Department of Basic Medical Sciences, Center for Paralysis Research, Purdue University, 408 South University Street, West Lafayette, IN 47907, USA.
Neuroscience (Impact Factor: 3.12). 09/2007; 148(1):44-52. DOI: 10.1016/j.neuroscience.2007.05.039
Source: PubMed

ABSTRACT 4-Aminopyridine (4-AP), a potassium channel blocker, is capable of restoring conduction in the injured spinal cord. However, the maximal tolerated level of 4-AP in humans is 100 times lower than the optimal dose in in vitro animal studies due to its substantially negative side effects.
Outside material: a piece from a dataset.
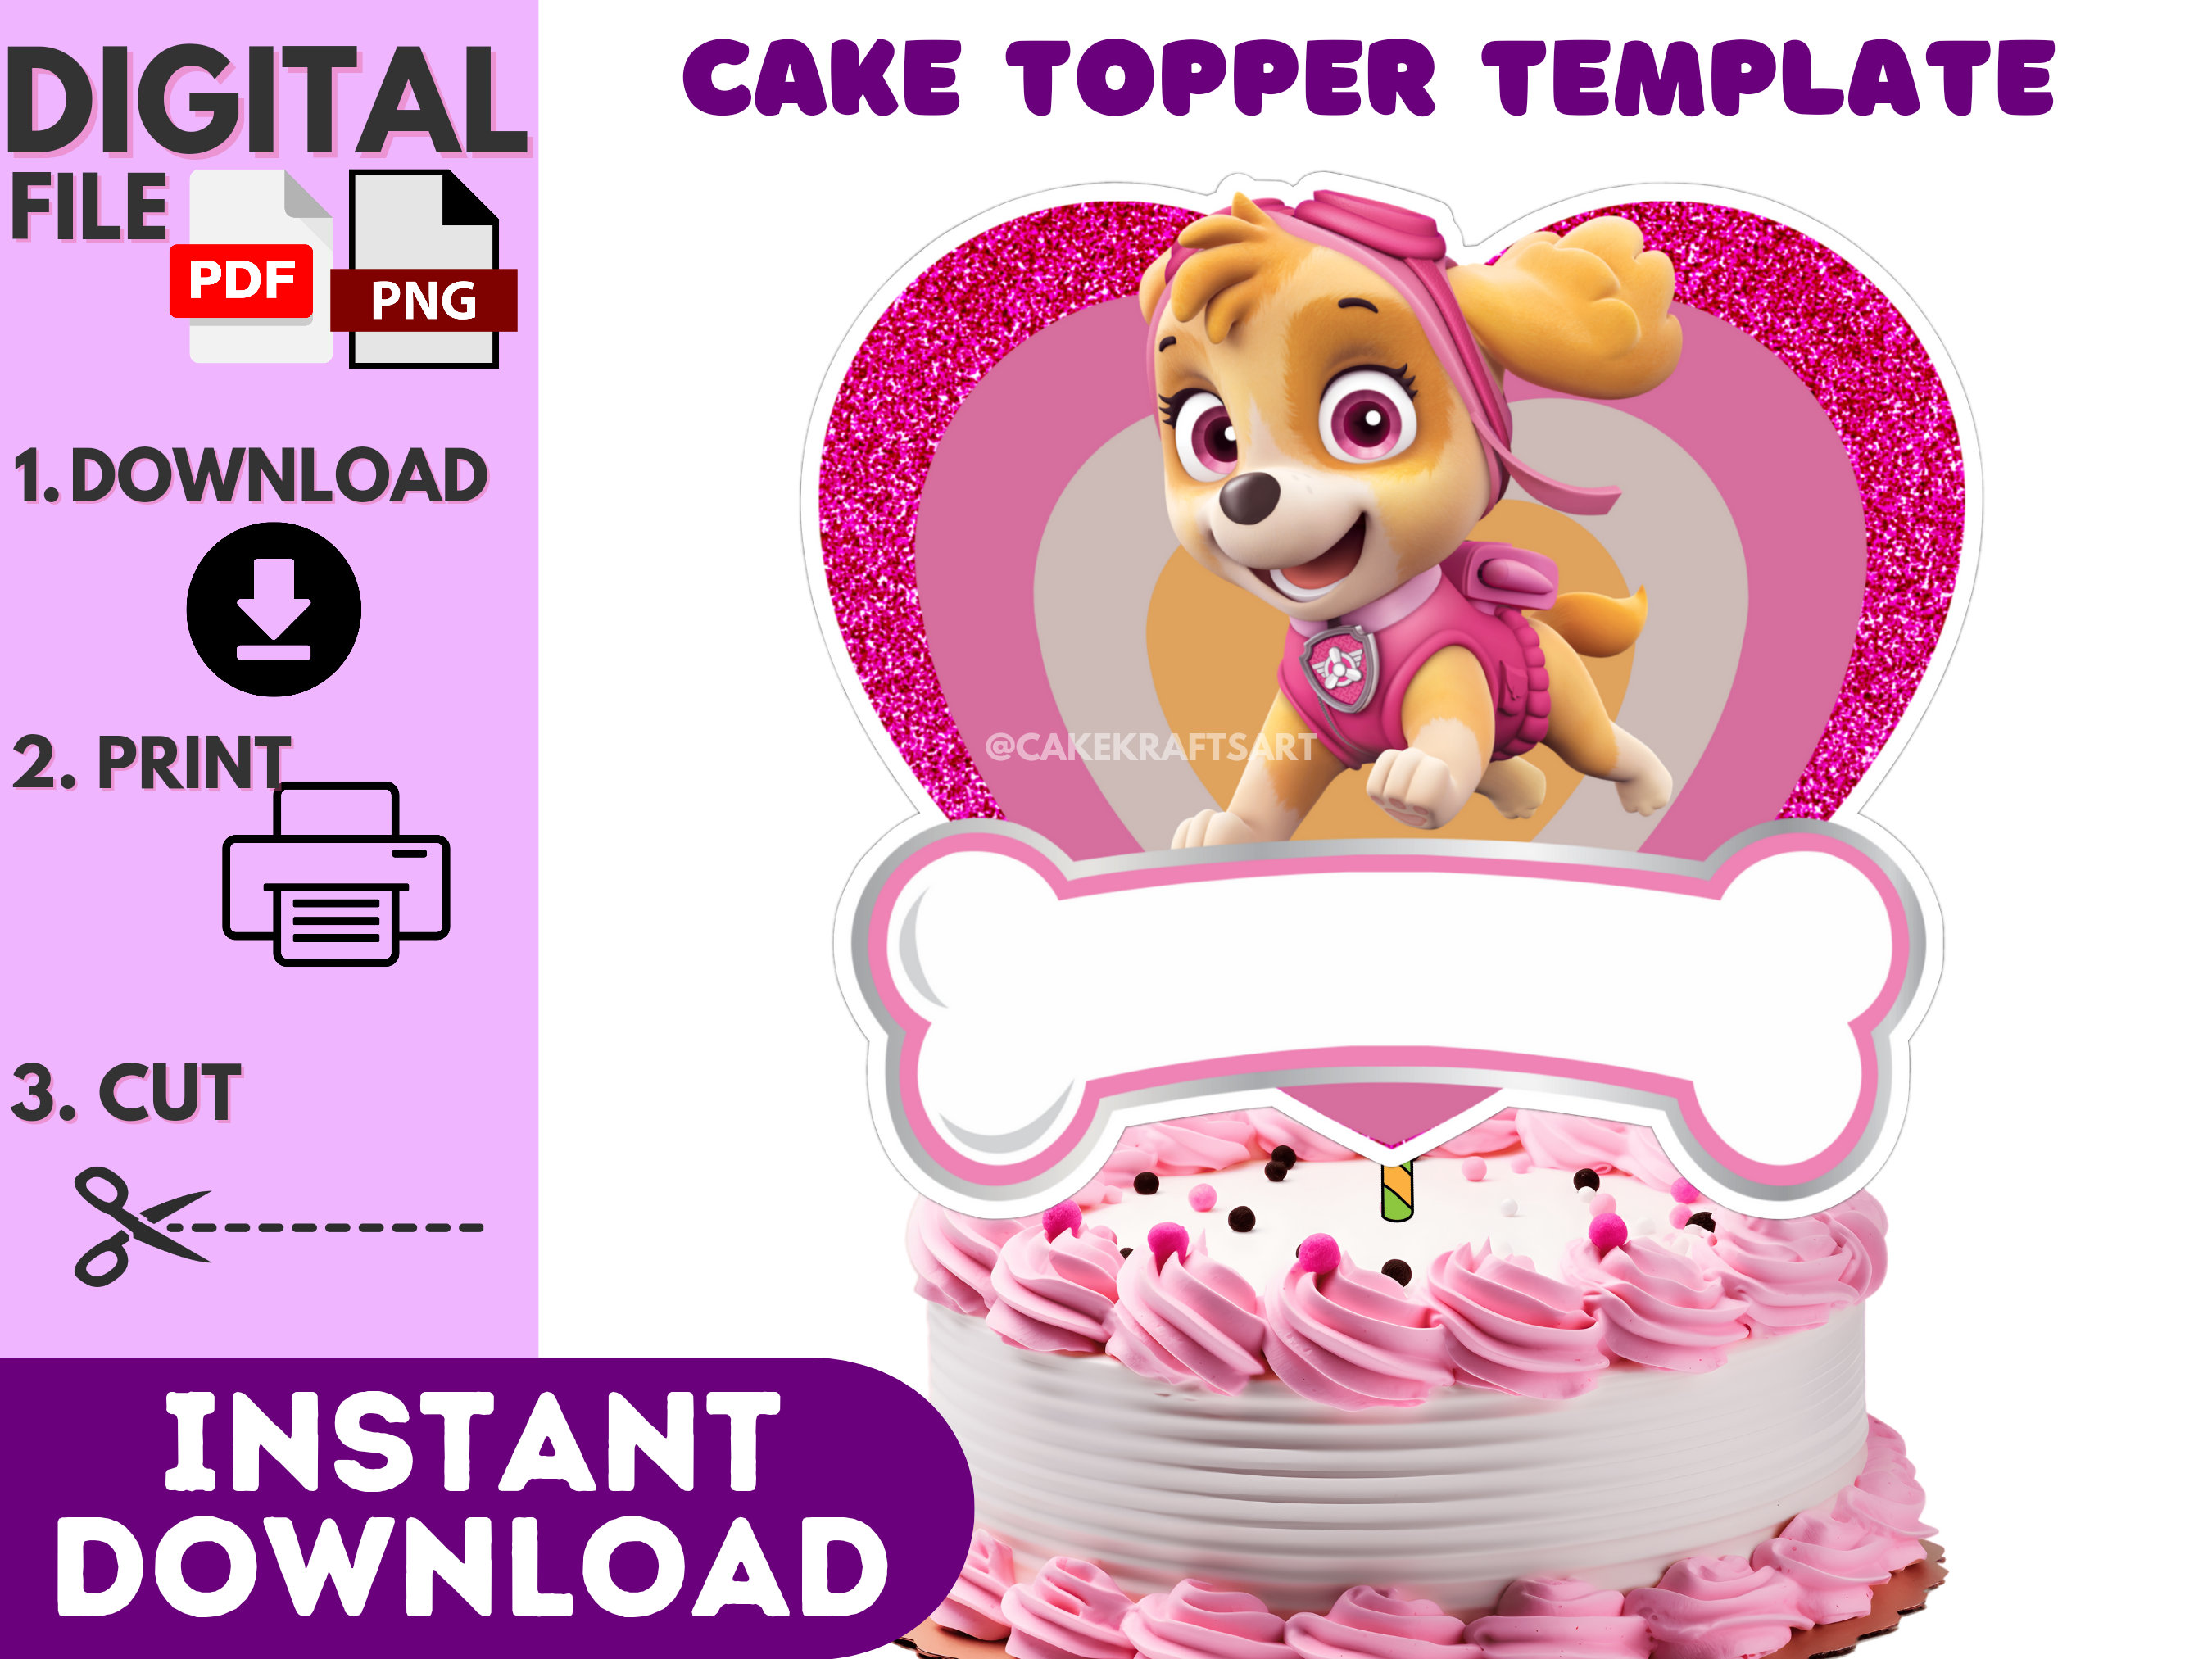 Instant Download Digital Cake Topper Template customizable Add Name and ...

As an initial step toward the goal of identifying alternative potassium channel blockers with a similar ability of enhancing conduction and with fewer side effects, we have synthesized structurally distinct pyridine-based blockers. Using isolated guinea-pig spinal cord white matter and a double sucrose gap recording device, we have found three pyridine derivatives, N-(4-pyridyl)-methyl carbamate (100 microM), N-(4-pyridyl)-ethyl carbamate (100 microM), and N-(4-pyridyl)-tertbutyl (10 microM) can significantly enhance conduction in spinal cord white matter following stretch. Similar to 4-AP, the derivatives did not preferentially enhance conduction based on axonal caliber. Unlike 4-AP, the derivatives did not change the overall electrical responsiveness of axons to multiple stimuli, indicating the axons recruited by the derivatives conducted in a manner similar to healthy axons. These results demonstrate the ability of novel constructs to serve as an alternative to 4-AP for the purpose of reversing conduction deficits.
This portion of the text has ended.